▸ WHAT YOU HAVE TO DO: Please keep to the lines below from the one with "Trendiest Hair Salon" through the one with "Chaussure running ou trail", and restate them word for word, ends included.

▸ INPUT FOR THIS TASK:

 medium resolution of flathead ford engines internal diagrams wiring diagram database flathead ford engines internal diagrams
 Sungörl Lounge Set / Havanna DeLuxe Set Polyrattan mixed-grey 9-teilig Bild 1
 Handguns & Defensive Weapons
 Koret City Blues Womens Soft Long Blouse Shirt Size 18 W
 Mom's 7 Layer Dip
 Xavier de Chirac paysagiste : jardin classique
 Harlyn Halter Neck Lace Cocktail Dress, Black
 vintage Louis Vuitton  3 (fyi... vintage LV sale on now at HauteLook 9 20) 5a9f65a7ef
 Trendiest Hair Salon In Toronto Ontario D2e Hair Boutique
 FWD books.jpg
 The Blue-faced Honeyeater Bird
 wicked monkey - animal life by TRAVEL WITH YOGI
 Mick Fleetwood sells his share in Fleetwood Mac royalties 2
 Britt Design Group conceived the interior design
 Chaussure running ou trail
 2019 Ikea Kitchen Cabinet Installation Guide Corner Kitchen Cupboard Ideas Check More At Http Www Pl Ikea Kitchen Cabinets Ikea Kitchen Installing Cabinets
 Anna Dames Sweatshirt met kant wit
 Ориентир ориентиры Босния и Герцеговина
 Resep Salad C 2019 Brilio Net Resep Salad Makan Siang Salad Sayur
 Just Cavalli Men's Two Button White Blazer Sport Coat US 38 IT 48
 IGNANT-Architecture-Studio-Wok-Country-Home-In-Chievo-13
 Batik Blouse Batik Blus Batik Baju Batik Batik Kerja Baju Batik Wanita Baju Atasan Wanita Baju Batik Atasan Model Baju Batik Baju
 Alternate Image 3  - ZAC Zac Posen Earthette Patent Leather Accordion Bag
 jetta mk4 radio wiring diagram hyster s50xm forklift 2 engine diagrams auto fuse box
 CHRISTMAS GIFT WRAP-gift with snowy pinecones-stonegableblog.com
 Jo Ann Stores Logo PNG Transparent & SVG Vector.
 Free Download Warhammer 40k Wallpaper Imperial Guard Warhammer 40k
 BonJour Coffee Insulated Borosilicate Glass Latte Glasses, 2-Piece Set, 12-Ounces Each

▸ RESULT:
 Trendiest Hair Salon In Toronto Ontario D2e Hair Boutique
 FWD books.jpg
 The Blue-faced Honeyeater Bird
 wicked monkey - animal life by TRAVEL WITH YOGI
 Mick Fleetwood sells his share in Fleetwood Mac royalties 2
 Britt Design Group conceived the interior design
 Chaussure running ou trail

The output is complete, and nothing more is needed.